Kommentierte EntscheidungBerufungsentscheidung - Steuer (Referent) des UFSW vom 30.03.2012, RV/0723-W/12

Beurteilung einer den öffentlichen Schulen vergleichbaren Tätigkeit

Rechtssätze

Stammrechtssätze

RV/0723-W/12-RS1 Permalink
Bei der Beurteilung, ob eine den öffentlichen Schulen vergleichbare Tätigkeit vorliegt kommt es nicht darauf an, dass öffentliche Schulen die Bildungsmaßnahmen auch tatsächlich anbieten.

Entscheidungstext

Der Unabhängige Finanzsenat hat über die Berufungen der Bw., gegen die Bescheide des Finanzamtes Wien 3/11 Schwechat Gerasdorf, vertreten durch FAV, betreffend Umsatzsteuer für den Zeitraum 2004 bis 2005 entschieden:

 

Den Berufungen wird Folge gegeben.

Die angefochtenen Bescheide werden abgeändert.

Die Bemessungsgrundlagen und die Höhe der Abgabe sind den als Beilage angeschlossenen Berechnungsblättern zu entnehmen und bilden einen Bestandteil dieses Bescheidspruches.

Entscheidungsgründe

Strittig war, ob die seitens der Bw. ausgeübte Tätigkeit einer Tätigkeit an einer öffentlichen Schule vergleichbar ist und ob der Umstand, dass im Streitzeitraum kein unmittelbares Konkurrenzangebot einer öffentlichen Schule gegeben war, entscheidungsrelevant ist.
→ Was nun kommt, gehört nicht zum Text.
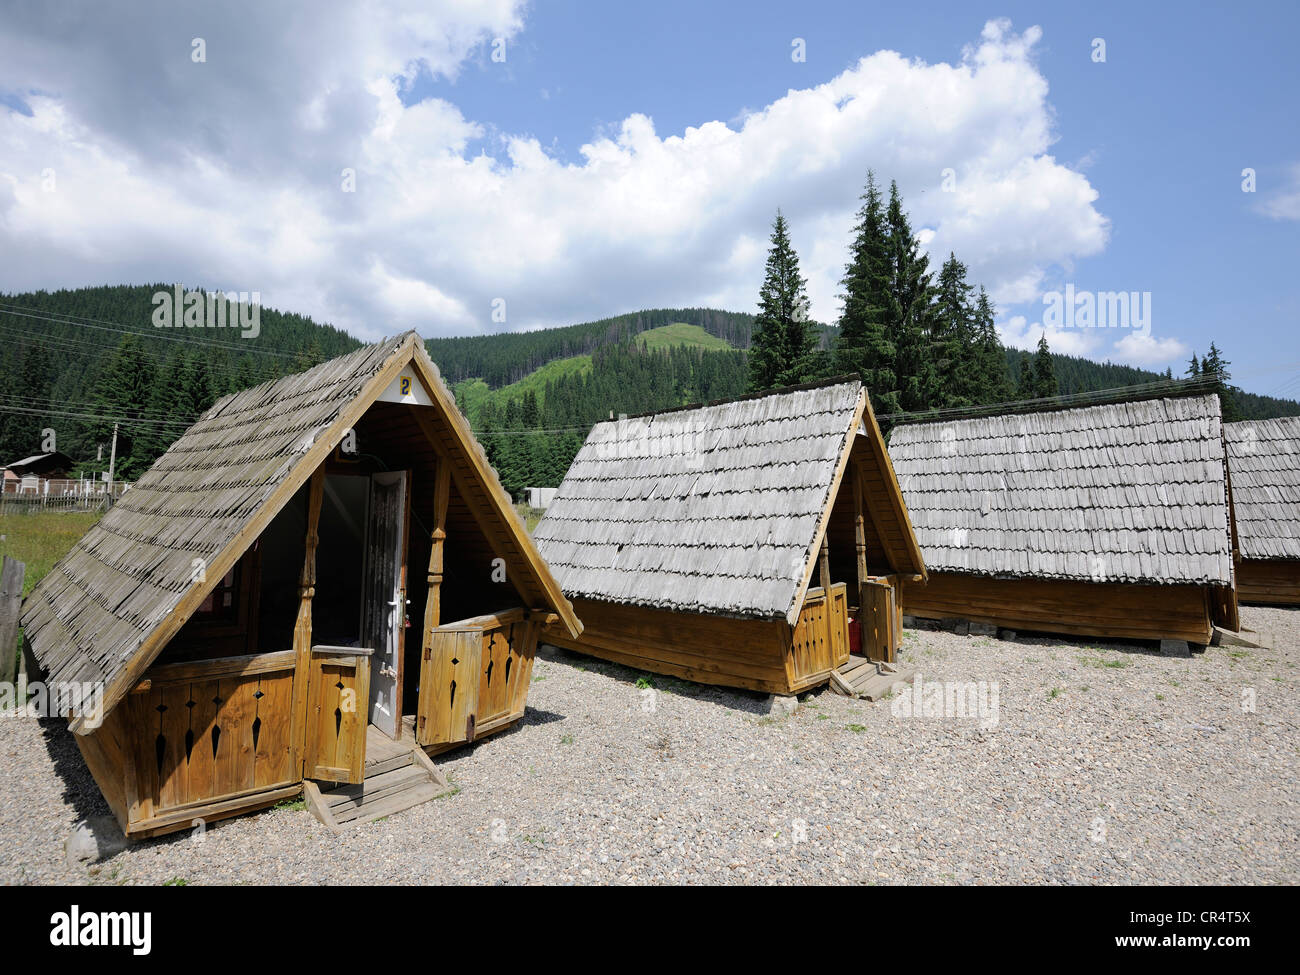 Kleine Hütten, Camping, Hütten, obarsia lotrului Straße, transalpina Dn 67 c Mountain Road, Rumänien, Europa Stockfoto

Die Bw. hat im Berufungsverfahren zur GZ. RV/2800-W/07 dargetan, dass die von ihr durchgeführten Bildungsmaßnahmen künftig als Universitätslehrgang angeboten werden.

Über die Berufung wurde erwogen:

Mit Erkenntnis vom 29.2.2012 VwGH Zl. 2009/13/0016 hat der Verwaltungsgerichtshof festgestellt, dass § 6 (1) Z 11 lit. a UStG 1994 mit Bezug auf das EuGH Urteil vom 20.6.2002, EuGH C-287/00, Kommission/Bundesrepublik Deutschland (Randnr. 47) und Ruppe/Achatz UStG, 4. Aufl., § 6 Tz 302 nicht eng auszulegen ist und es nicht darauf ankommt, ob die Bildungsmaßnahmen von einer öffentlichen Schule auch tatsächlich angeboten werden. Der Berufung war daher vollinhaltlich stattzugeben.